### EXERCISE REQUIREMENTS
What you return must be an exact copy of the lines in the listing below between the line holding "A Street Cat Named Bob | Images" and the line holding "New 2019 Audi", inclusive, and nothing more.

### INPUT DATA
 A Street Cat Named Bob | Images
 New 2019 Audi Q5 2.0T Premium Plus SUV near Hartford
--
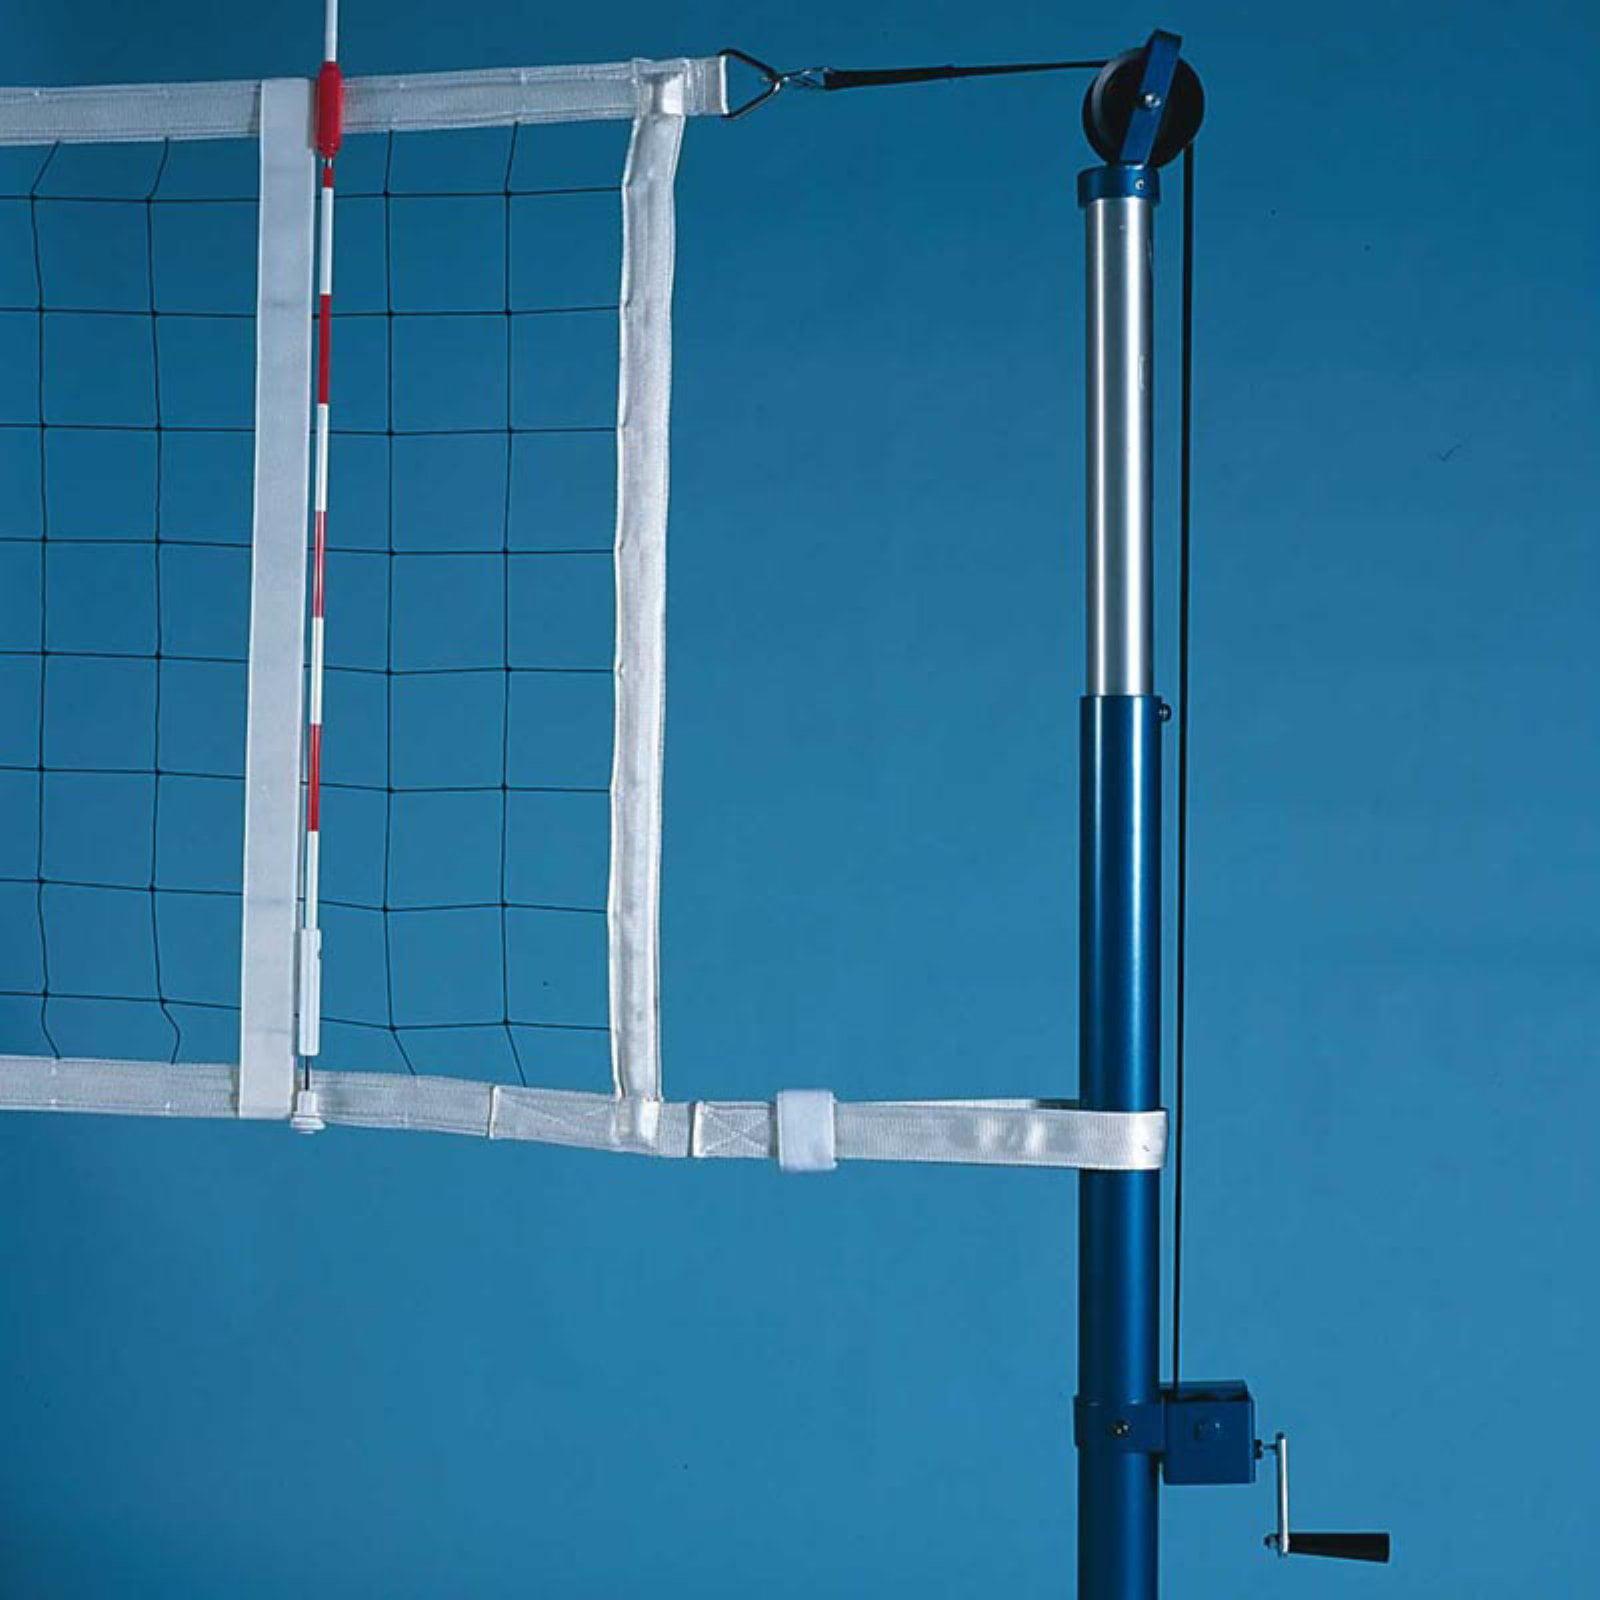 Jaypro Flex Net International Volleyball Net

### RESPONSE
 A Street Cat Named Bob | Images
 New 2019 Audi Q5 2.0T Premium Plus SUV near Hartford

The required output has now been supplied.